Early Spread.  A special report published on July 5 in the New York Times gives new information about the early days of the epidemic. In mid-February the official case count was 15 but there is evidence of 2000 other infections. Given what we now know about the spread of the disease, it is natural to guess that many of these cases were asymptomatic. However, as explained in the paper cited in the next paragraph, part of the discrepancy was due to the fact that testing done before March 4, 2020 was only done for symptomatic patients who had recently traveled internationally.

This idea that the corona virus was widespread in the US in January 2020 was discussed in news stories about Alessandro Vepignani’s work. These appeared on the Northeastern web site in April, but the paper has only recently appeared on the medRxiv: Jessica T. Davis et al. Estimating the establishment of local transmission and the cryptic phase of the COVID-19 pandemic in the US. Their conclusions are based on the use of a rather complicated individual-based, stochastic and spatial epidemic model called  GLEAM (GLobal Epidemic and Mobility Model) that divides the global population 3200 subpopulations. See PNAS 166 (2009), 21484-21489 and J. Computational Science 1 (2010), 132-145 for more details.

Origins of the virus in the US.  Recently two genetic sequencing studies published online in Science, have investigated the origins of the corona virus in US. A.S. Gonzalez-Reiche et al, published on May 29, 2020 studied Introductions and early spread of SARS-CoV-2 in the New York City area. Phylogenetic analysis of 84 distinct SARS-CoV-2 genomes from samples taken February 29 – March 18 provided evidence for multiple, independent introduction . Phylogenetic analysis of full length genome sequences suggested that the majority of the introductions came from Europe and other parts of the United States.

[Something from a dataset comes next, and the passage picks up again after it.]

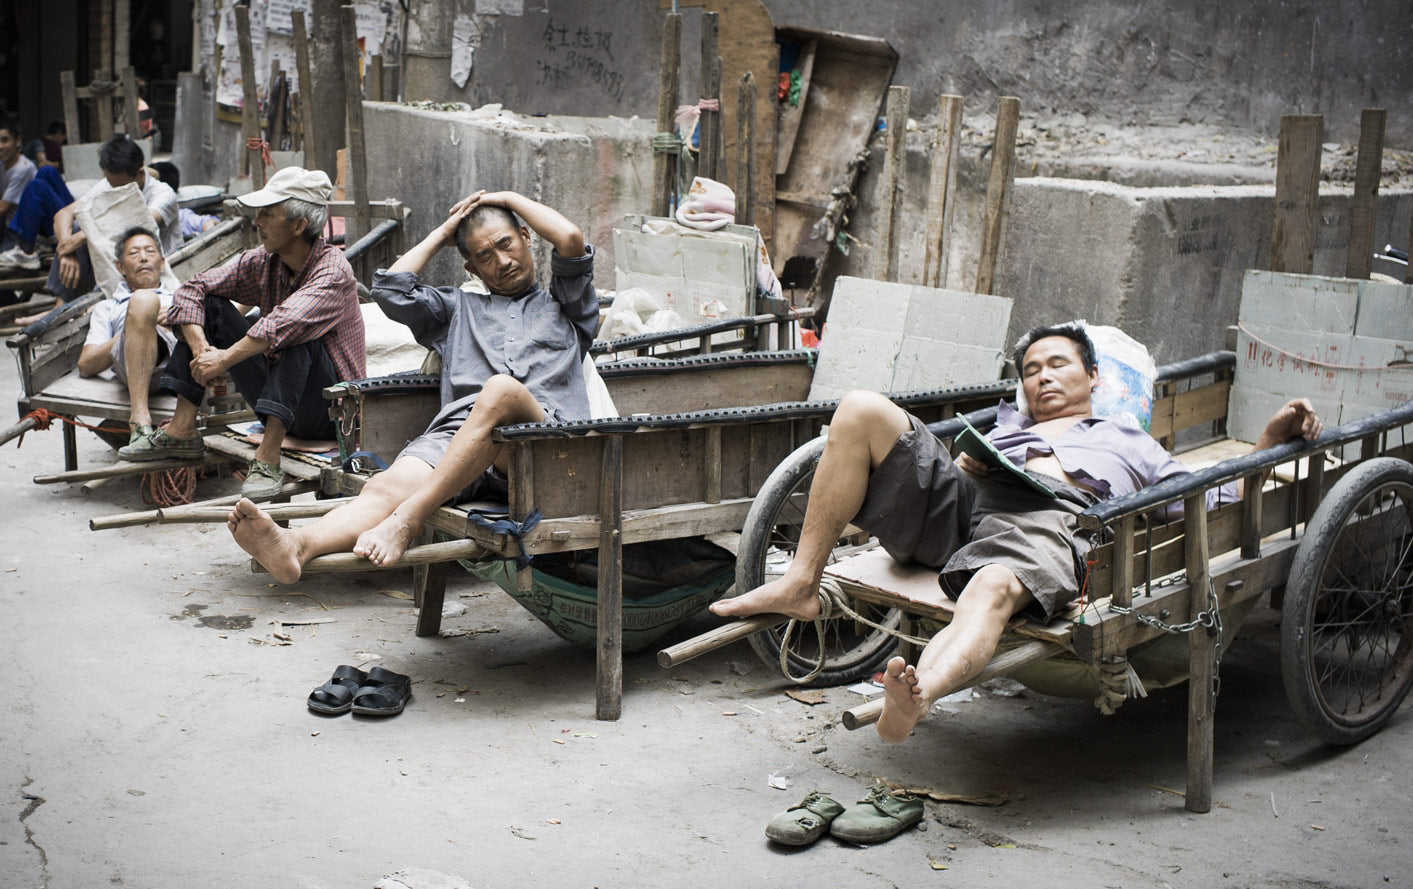 Exhausted porters enjoying a well-deserved break

A medRxiv preprint by M.T. Maurano et al which reports on the analysis of 864 SARS-CoV-2 sequences, reached the same conclusion: comparisons to global viral sequences showed that early strains was most likely linked to cases from Europe

Deng et al, published on June 8, 2020 studied the introduction of Sars-CoV-2 into Northern California. They studied 36 patients spanning 9 counties and the Grand Princess cruise ship using a method they called MSSPE (Metagenomic Sequencing with Spiked Primer Enrichment) to assemble genomes directly from clinical samples. Phylogenetic analysis described in detail in the paper indicated that 14 were associated with the Washington State WA1 lineage, 10 associated with a Santa Clara outbreak cluster (SCC1), 3 from a Solano County cluster, 5 related to lineages circulating in Europe but only 4 related to lineages from Wuhan. This precision comes from the fact that as of March 20, 2020 when this work was done, there were 789 worldwide genomes in the GISAID database. This wealth of data is possible because coronaviruses are unsegmented single-stranded RNA viruses that are about 30 kilobases in length.

The results in the last three paragraphs demonstrate that most lineages came from Europe not China. In hindsight the fact that Europe is the primary source of coronavirus is the US. Travel from China was banned February 2, but travel from Europe was only ended on March 13.

I have concentrated on the science.  I’ll leave it to you to decide if you want the Senate to vote for Thom Tillis’ 18-point plan in May “to hold China accountable” for what he says is its role in the coronavirus pandemic.